WORK TO BE COMPLETED
Please print the line that holds "Black Kindle on a book and near a mug" and each line after it to the end of the data, word for word, without any pictures.

RAW DATA
=-=-=
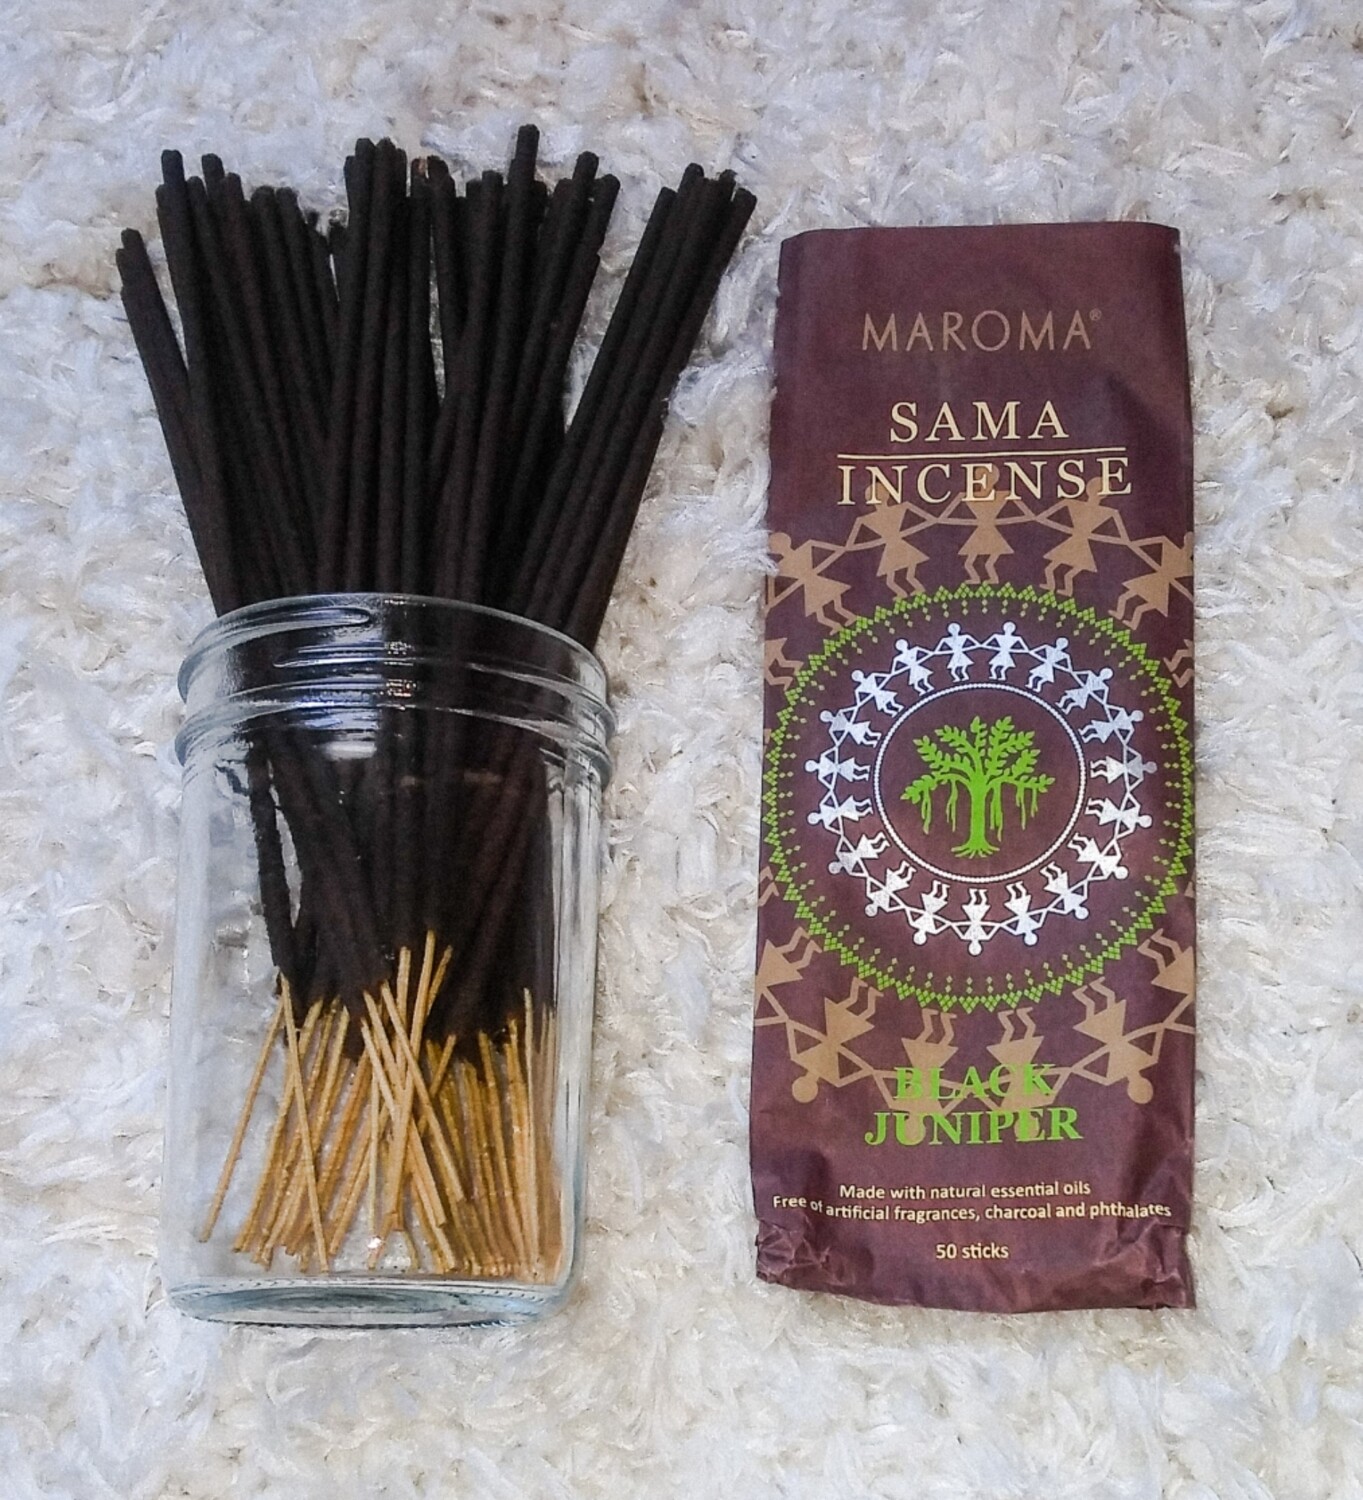 Sama incense sticks
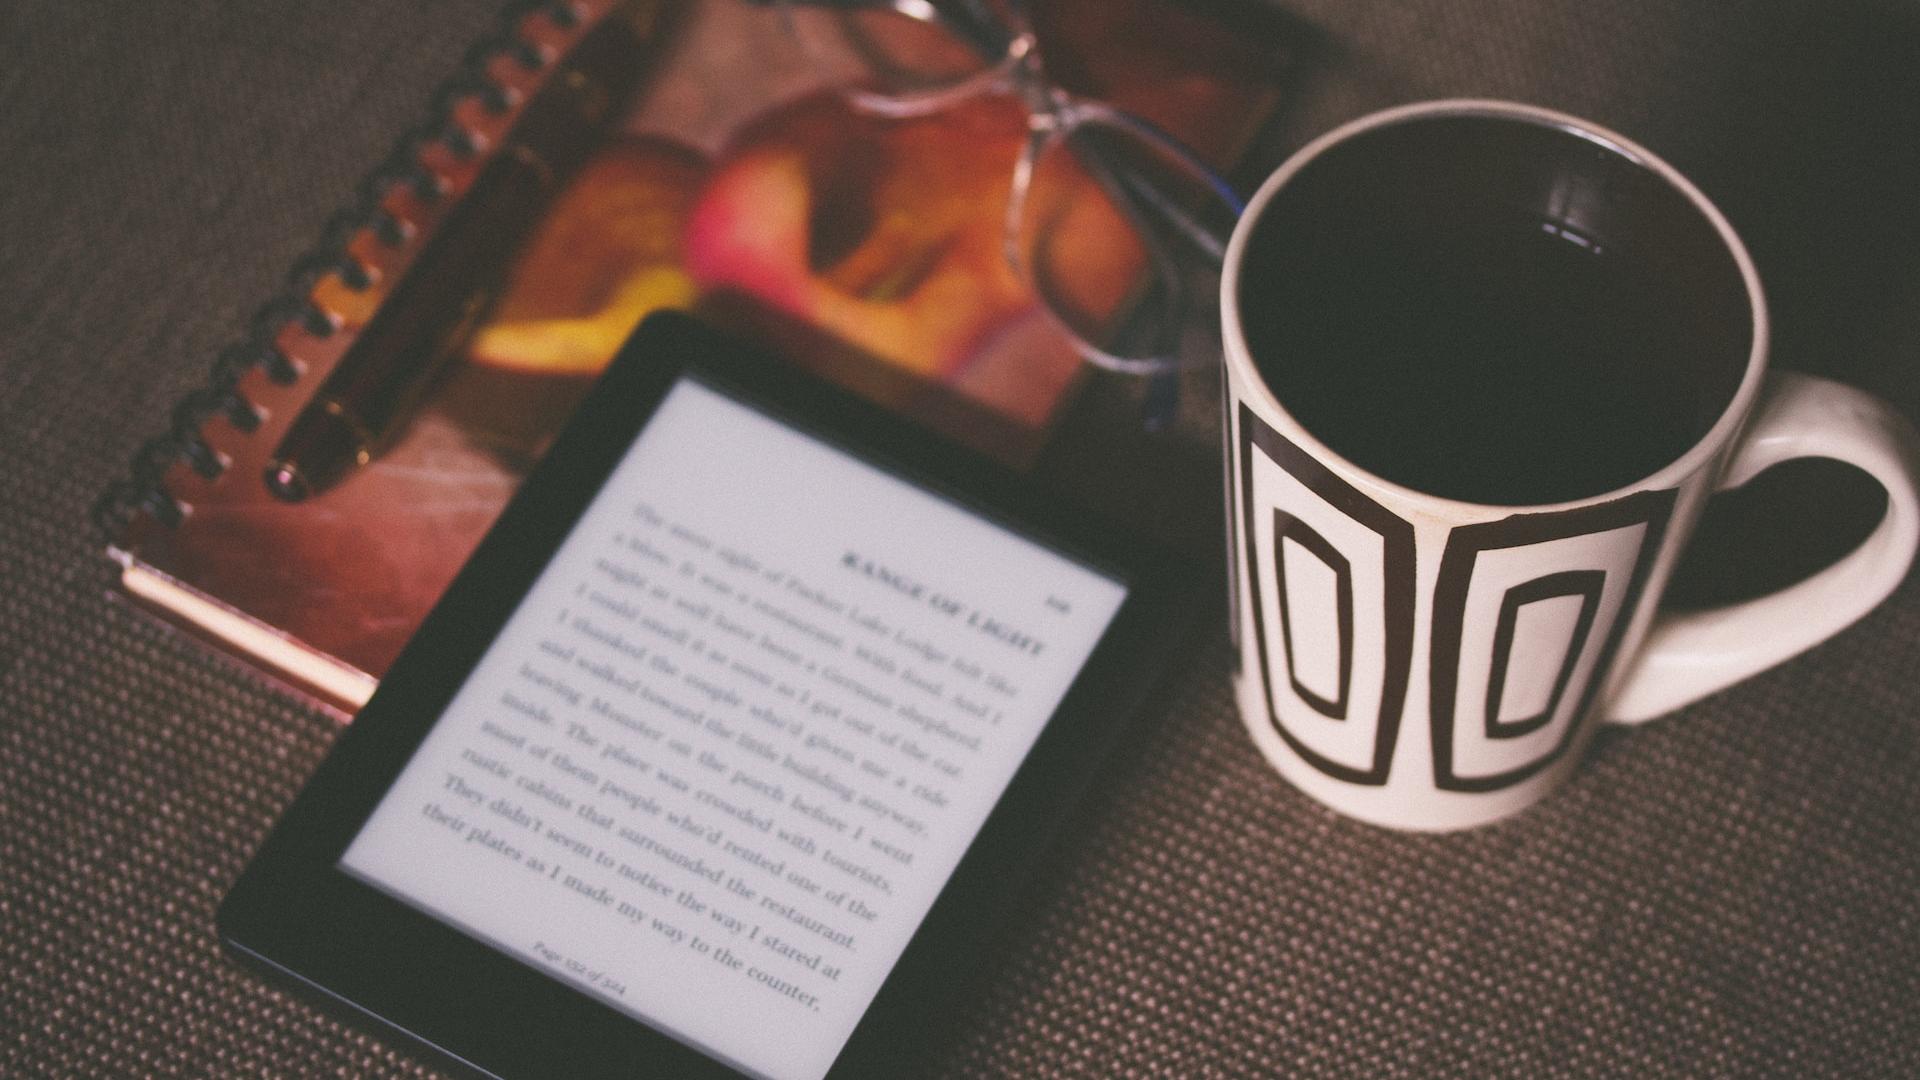 Black Kindle on a book and near a mug
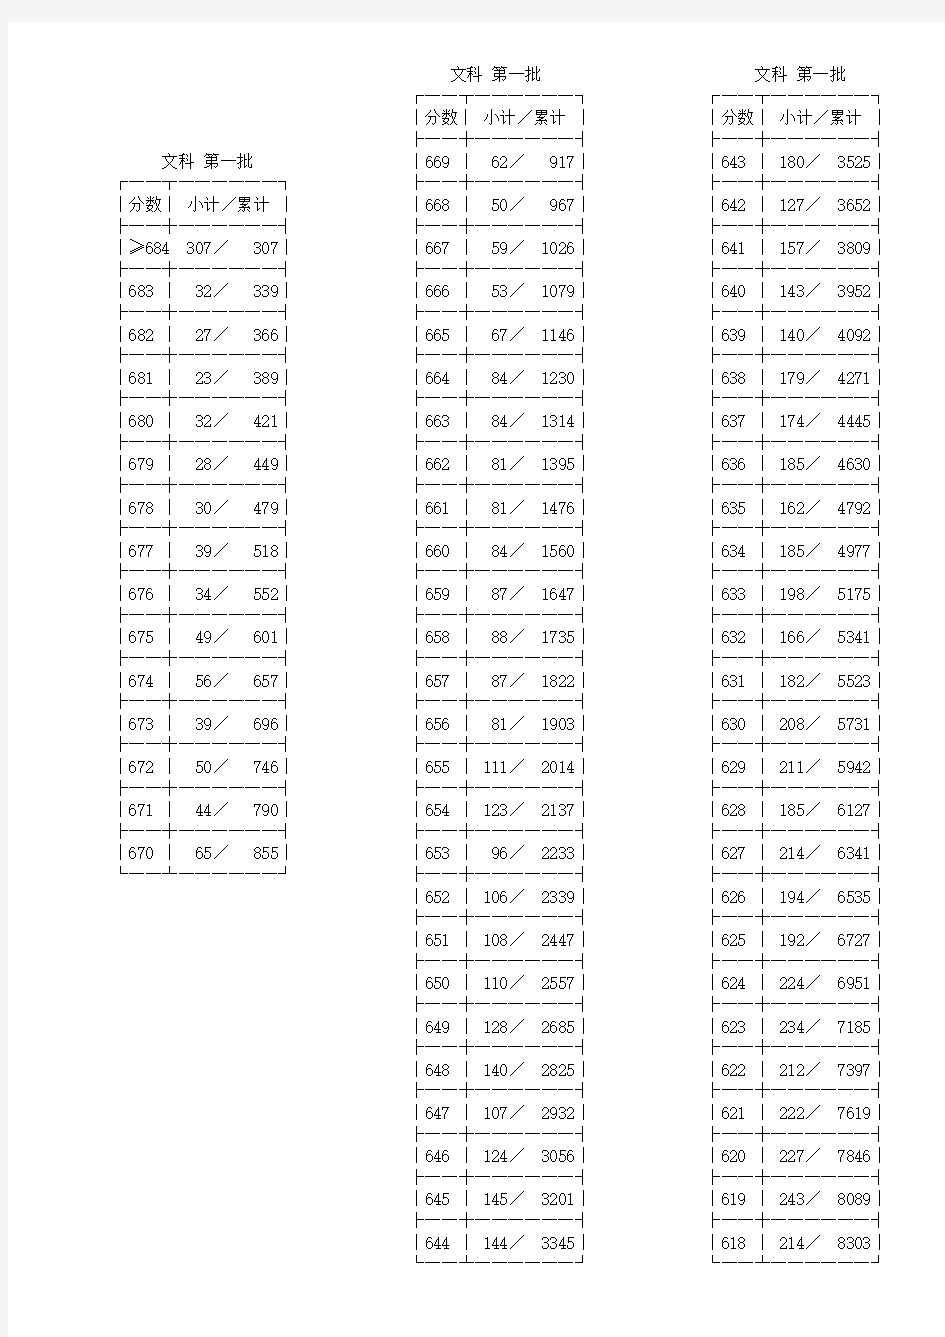 2013年浙江普通高考文理科第一批成绩分段表 (一分一档表)
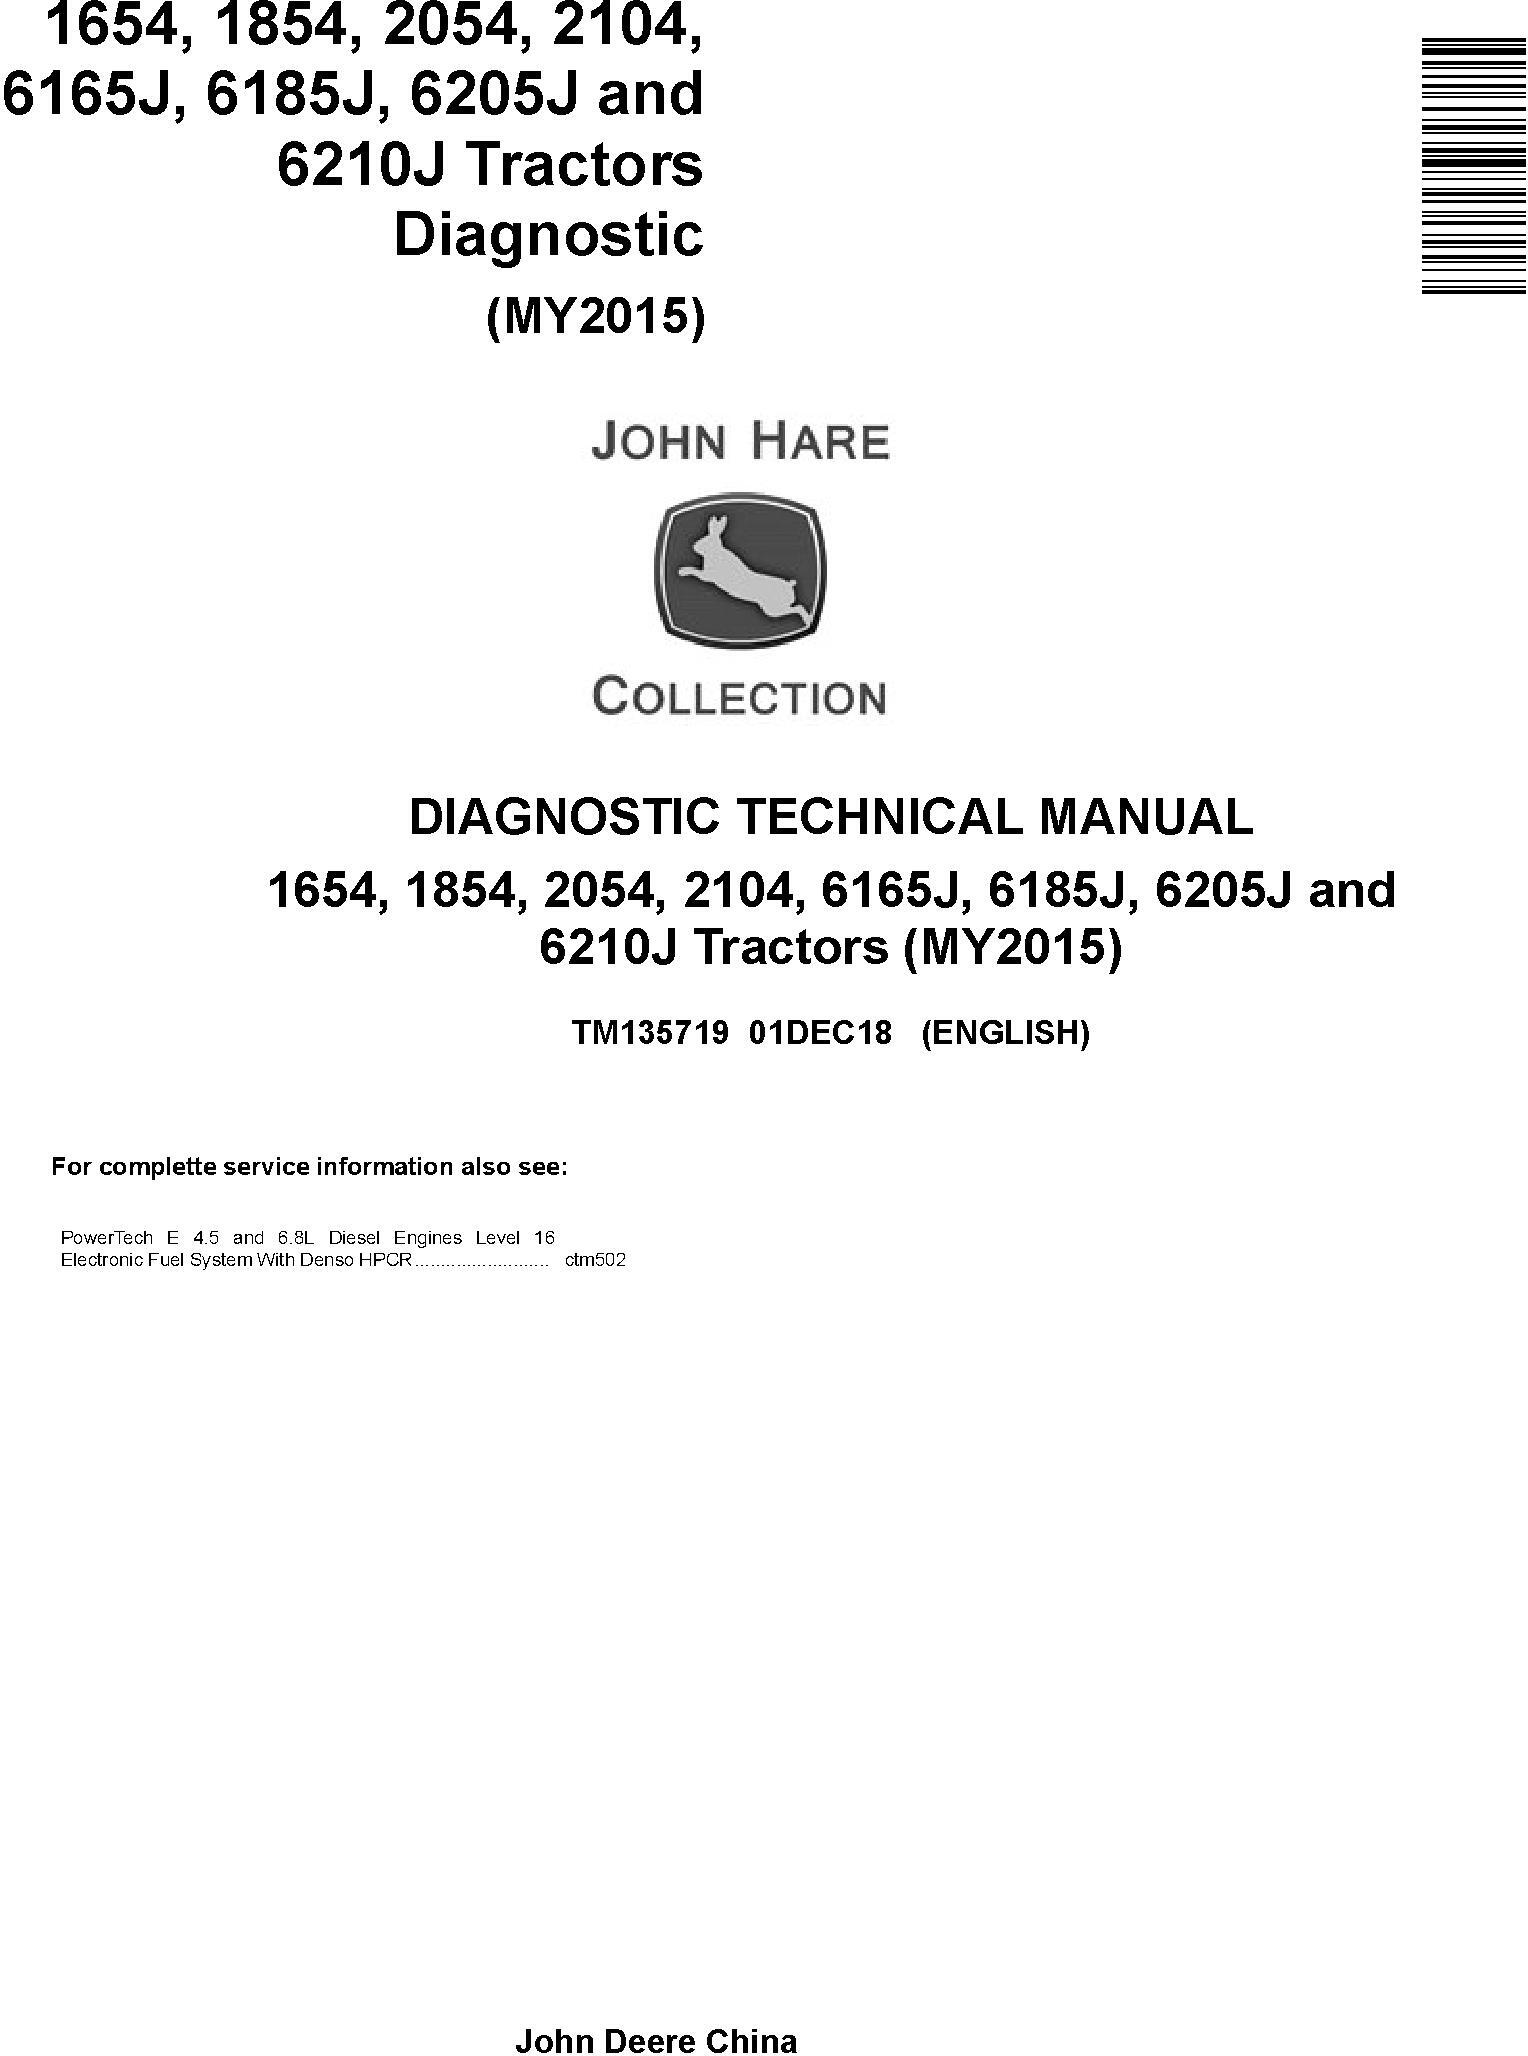 John Deere 6165J(6J-1654), 6185J(6J-1854), 6205J(6J-2054), 6210J(6J-2104) Tractors Diagnostic Manual (TM135719)
=-=-=
OUTPUT FOR THIS TASK
 Black Kindle on a book and near a mug
 2013年浙江普通高考文理科第一批成绩分段表 (一分一档表)
 John Deere 6165J(6J-1654), 6185J(6J-1854), 6205J(6J-2054), 6210J(6J-2104) Tractors Diagnostic Manual (TM135719)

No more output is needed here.